The electric potential in some other implementation of gridless reflectron (a so-called quadratic-field reflectron) is proportional to a square of a distance x to the mirror entrance: V(x)=kx^{2} thus exhibiting a case of one-dimensional harmonic field. If both the ion source and the detector are placed at the reflectron entrance and if the ions travel in a close proximity of the ion mirror axis, the flight times of ions in the quadratic-field reflectron are almost independent on ion kinetic energy.

A gridless reflectron with nonlinear field, which comprised only three cylindrical elements was also demonstrated.

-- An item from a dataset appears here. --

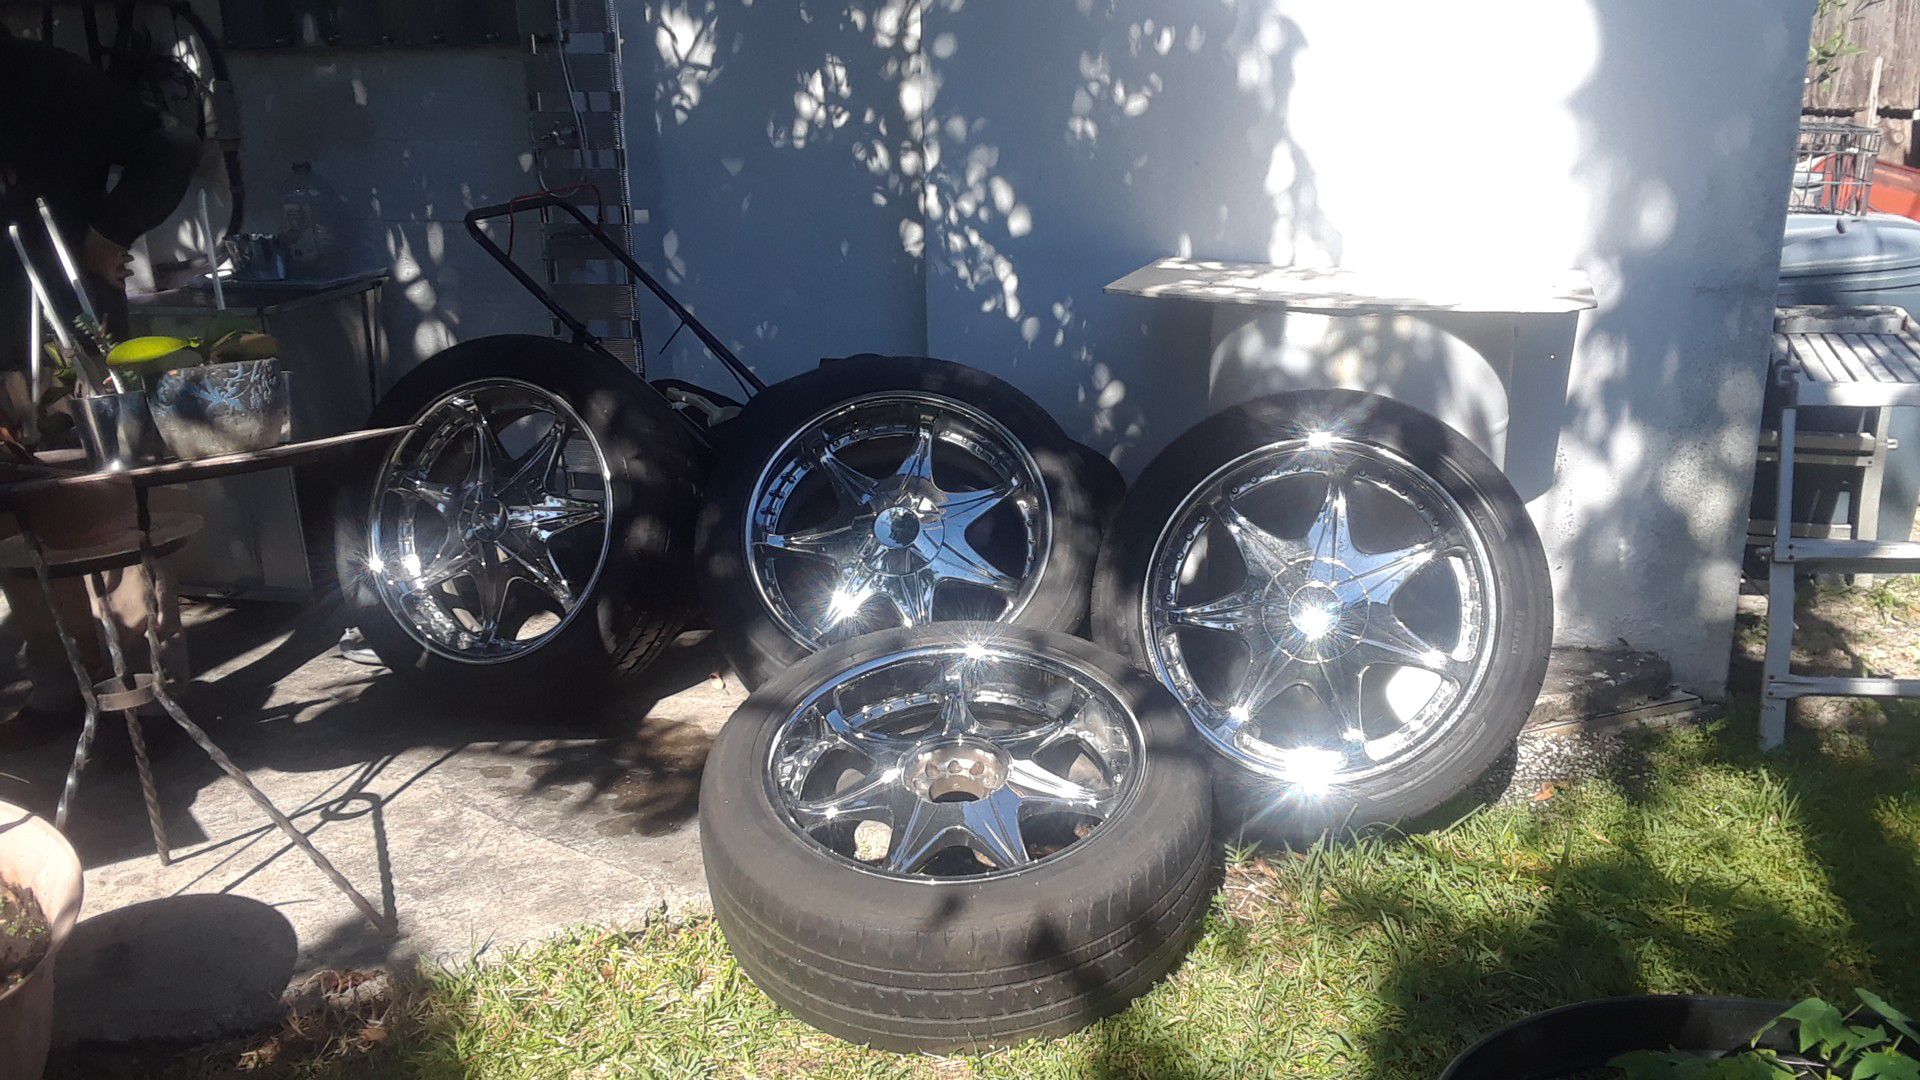 4 rims and tires 22 inches aluminium 3tires in a good shape one not one cup is missing

Bergmann et al. implemented an original numerical approach to finding voltage distribution across the stack of the metal electrodes to create a nonlinear field in different regions of the reflectron to provide conditions for both geometrical focusing and compensation of flight times caused by the spread of kinetic energies of ions entering the reflectron at different angles.

==Post-source decay==
A post-source decay (PSD) is a process specific to the ion source utilizing matrix-assisted laser desorption/ionization and operating in vacuum. In the post-source decay, parent ions (typically of several keV kinetic energy) fragment in a process of laser-induced fragmentation or high-energy collision-induced dissociation (HE CID). Time interval suitable for observation of the post-source decay in the reflectron starts after the precursors (parent ions) leave the ion source and ends prior to the moment when the precursors enter the ion mirror. The kinetic energy of fragment ions of mass m in the post-source decay significantly differs from that of parent ions of mass M and is proportional to m/M. So, the distribution of kinetic energies for the PSD ions is extremely large. Not surprisingly, it cannot be compensated in "classic" single or double-stage reflectrons. To achieve acceptable mass resolution for PSD ions with masses typically distributed over broad mass range, these ions are accelerated to energies substantially (at least, a factor of 4 ) exceeding the initial energy of precursor ions. Use of gridless curved-field mirror or that with time-dependent field also improves the mass resolution for fragment ions generated in the post-source decay.